→ **WORK INSTRUCTION**
Among the entries below, please repeat exactly and only the lines from the line containing "infographic: Instagram algorithm" to the line containing "troc de troc dvd da vinci code image 0", both lines included.

** DATA LISTING follows **

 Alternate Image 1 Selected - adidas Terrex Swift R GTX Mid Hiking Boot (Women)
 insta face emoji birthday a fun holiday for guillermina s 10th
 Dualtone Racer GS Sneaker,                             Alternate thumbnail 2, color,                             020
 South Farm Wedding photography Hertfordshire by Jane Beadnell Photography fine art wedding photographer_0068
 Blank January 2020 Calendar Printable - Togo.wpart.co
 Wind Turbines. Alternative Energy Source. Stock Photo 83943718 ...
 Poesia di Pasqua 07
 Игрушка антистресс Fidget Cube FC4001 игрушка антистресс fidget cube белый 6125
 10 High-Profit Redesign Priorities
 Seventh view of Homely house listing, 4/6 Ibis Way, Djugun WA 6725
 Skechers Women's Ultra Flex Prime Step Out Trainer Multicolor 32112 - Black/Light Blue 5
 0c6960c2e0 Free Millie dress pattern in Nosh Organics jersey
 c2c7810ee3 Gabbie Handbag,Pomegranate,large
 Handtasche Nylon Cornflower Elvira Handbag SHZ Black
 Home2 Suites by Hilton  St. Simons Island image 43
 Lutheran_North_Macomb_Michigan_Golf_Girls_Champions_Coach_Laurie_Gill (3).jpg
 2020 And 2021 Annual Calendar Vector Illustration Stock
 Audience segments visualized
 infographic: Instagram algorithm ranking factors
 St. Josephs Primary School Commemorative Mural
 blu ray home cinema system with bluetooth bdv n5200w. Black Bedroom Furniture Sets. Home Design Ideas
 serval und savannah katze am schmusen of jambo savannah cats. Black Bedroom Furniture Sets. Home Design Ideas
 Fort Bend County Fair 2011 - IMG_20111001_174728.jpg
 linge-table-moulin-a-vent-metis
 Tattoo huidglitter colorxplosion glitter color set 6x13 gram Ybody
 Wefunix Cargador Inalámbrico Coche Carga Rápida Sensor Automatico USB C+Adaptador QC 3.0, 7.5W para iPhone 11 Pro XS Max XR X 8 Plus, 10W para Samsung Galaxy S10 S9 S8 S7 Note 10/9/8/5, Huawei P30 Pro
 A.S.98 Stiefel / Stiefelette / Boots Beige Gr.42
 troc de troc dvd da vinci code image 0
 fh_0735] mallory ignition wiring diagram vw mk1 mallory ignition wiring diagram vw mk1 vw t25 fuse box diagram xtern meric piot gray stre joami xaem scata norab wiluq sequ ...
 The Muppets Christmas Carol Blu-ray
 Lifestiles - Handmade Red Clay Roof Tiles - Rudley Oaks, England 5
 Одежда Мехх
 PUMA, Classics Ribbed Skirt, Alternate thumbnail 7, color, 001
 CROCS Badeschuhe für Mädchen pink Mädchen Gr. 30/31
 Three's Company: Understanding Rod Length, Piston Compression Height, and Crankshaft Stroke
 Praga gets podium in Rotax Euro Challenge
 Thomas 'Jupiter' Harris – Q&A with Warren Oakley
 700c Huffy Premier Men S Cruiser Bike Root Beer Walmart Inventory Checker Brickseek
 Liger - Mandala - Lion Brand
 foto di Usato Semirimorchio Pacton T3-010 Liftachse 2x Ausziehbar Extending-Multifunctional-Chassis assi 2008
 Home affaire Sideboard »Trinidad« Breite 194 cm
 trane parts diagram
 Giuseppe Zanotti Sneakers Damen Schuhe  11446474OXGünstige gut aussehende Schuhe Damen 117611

** End of DATA LISTING **

→ **ANSWER SECTION**
 infographic: Instagram algorithm ranking factors
 St. Josephs Primary School Commemorative Mural
 blu ray home cinema system with bluetooth bdv n5200w. Black Bedroom Furniture Sets. Home Design Ideas
 serval und savannah katze am schmusen of jambo savannah cats. Black Bedroom Furniture Sets. Home Design Ideas
 Fort Bend County Fair 2011 - IMG_20111001_174728.jpg
 linge-table-moulin-a-vent-metis
 Tattoo huidglitter colorxplosion glitter color set 6x13 gram Ybody
 Wefunix Cargador Inalámbrico Coche Carga Rápida Sensor Automatico USB C+Adaptador QC 3.0, 7.5W para iPhone 11 Pro XS Max XR X 8 Plus, 10W para Samsung Galaxy S10 S9 S8 S7 Note 10/9/8/5, Huawei P30 Pro
 A.S.98 Stiefel / Stiefelette / Boots Beige Gr.42
 troc de troc dvd da vinci code image 0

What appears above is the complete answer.